Australia’s grasping at straws includes the PM’s plan to use the Snowy Hydro scheme as pump storage; at an alleged and somewhat fanciful cost of $2 billion; far from increasing the supply of energy, because pumped storage costs around 20 per cent of the original energy it would actually mean less net energy.

 

South Australia is grasping at other straws. Having watched subsidised wind force the closure of its coal fired power stations, the state is now pursuing alternatives that involve battery storage and a new “reserve power” gas plant. Aside from leading to blackouts, this abandonment of cheap coal fuelled energy in pursuit of the green myth of renewables has already led to a doubling of wholesale prices. I addressed the issue here, here and in my recent book.

 

Rupert Darwell demonstrates how UK carbon taxes have inflated electricity prices more than has occurred elsewhere in Europe and crippled UK competitiveness.

 

Meanwhile an EU paper shows how companies have fabricated emission reductions from forestry to avoid the €5 per tonne carbon emission price. Some €600 million has been “saved” by the firms involved.

Assessing research into the state of the environment

The environment is in good shape according to a sober analysis by Professor Ove Humlum.  He finds that:

  • it is likely that 2016 was one of the warmest years since about 1850 but by the end of 2016, global air temperatures were essentially back to the level of the years before the recent 2015–16 oceanographic El Niño episode.
  • The troposphere and stratosphere have recorded measured temperature ‘pauses’ since 1995 and 2002 respectively.
  • Much of the heat given off during the 2015–16 El Niño appears to have been transported to the polar regions.

 

Average global sea-level rise of 1–3 mm/yr. Since 1979 Arctic sea ice has decreased while Antarctic sea-ice has increased. The overall tendency (since 1972), is a stable overall snow extent.

 

The Oceans are estimated to be warming faster than had been thought, though the data indicate that the temperature at the beginning of 2017 was similar that three years earlier.

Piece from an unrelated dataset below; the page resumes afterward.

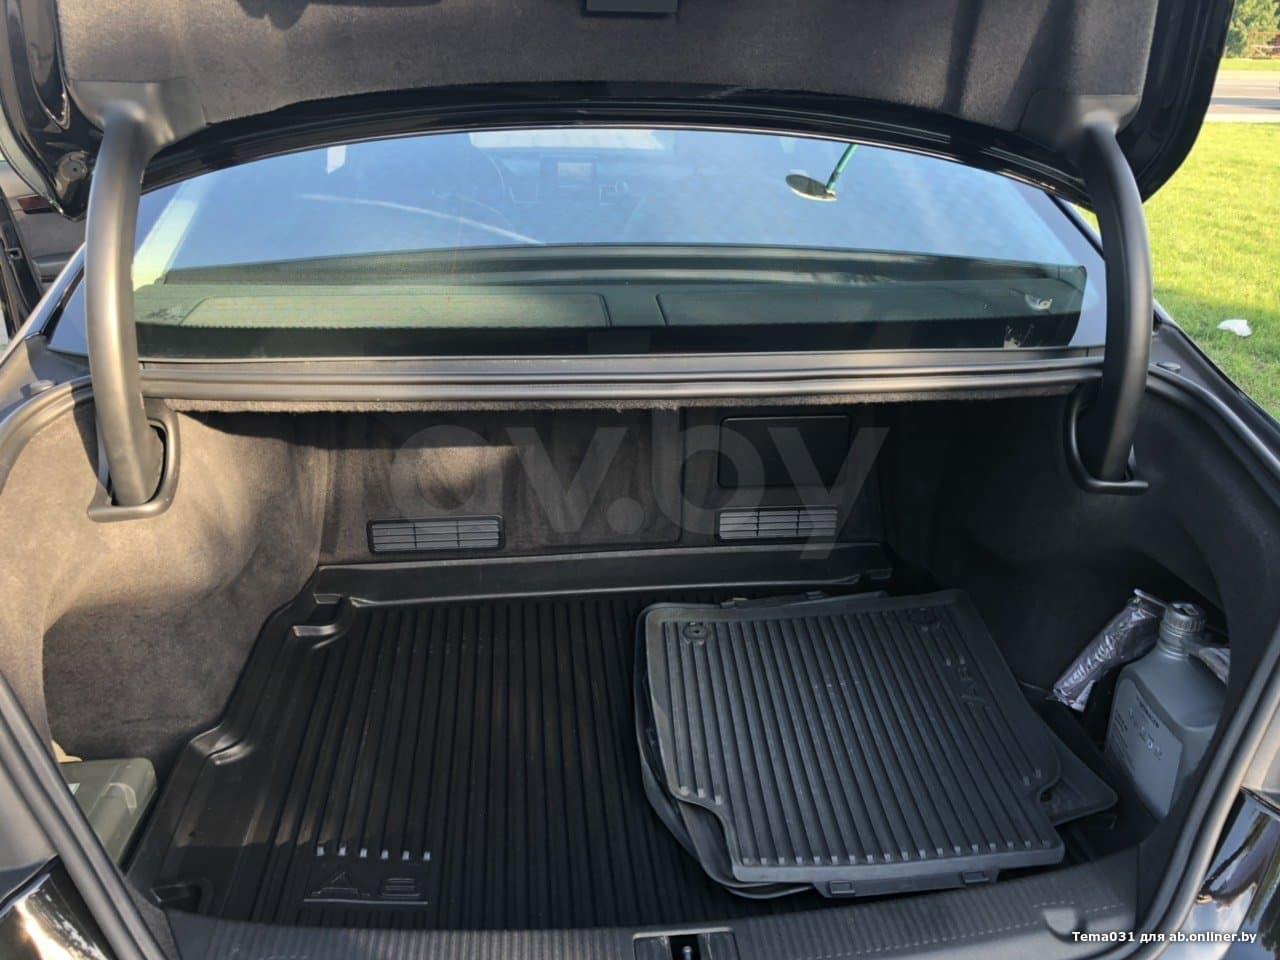 Audi A8 D4 long

Activist scientists still emphasise hottest-year-on-record type statements in addressing climate but focus more on extremes, a matter deflated by many authorities (e.g. see my latest book Climate Change: Treaties and Policies in the Trump Era p.28) and now have found big high waves as a cause of the carbon bogy.


By contrast, studies funded by the Swiss National Science Foundation expect human-induced global warming to tail off slightly over the next few decades. A weaker sun could reduce temperatures by half a degree.

Gesture politics and whimsy

Kuwait is virtue-signalling that it is among the supporters of energy economies as a path to saving-the-world with its dignitaries lighting candles for Earth Hour, which originated with the WWF in Sydney (here is the picture on 25 March):

There is now a global following with the Pakistanis getting into the act, and here is petroleum-reliant Dubai going over to the dark side:

Psychologists are also on the climate scare gravy train explaining how climate change is leading to mental stress.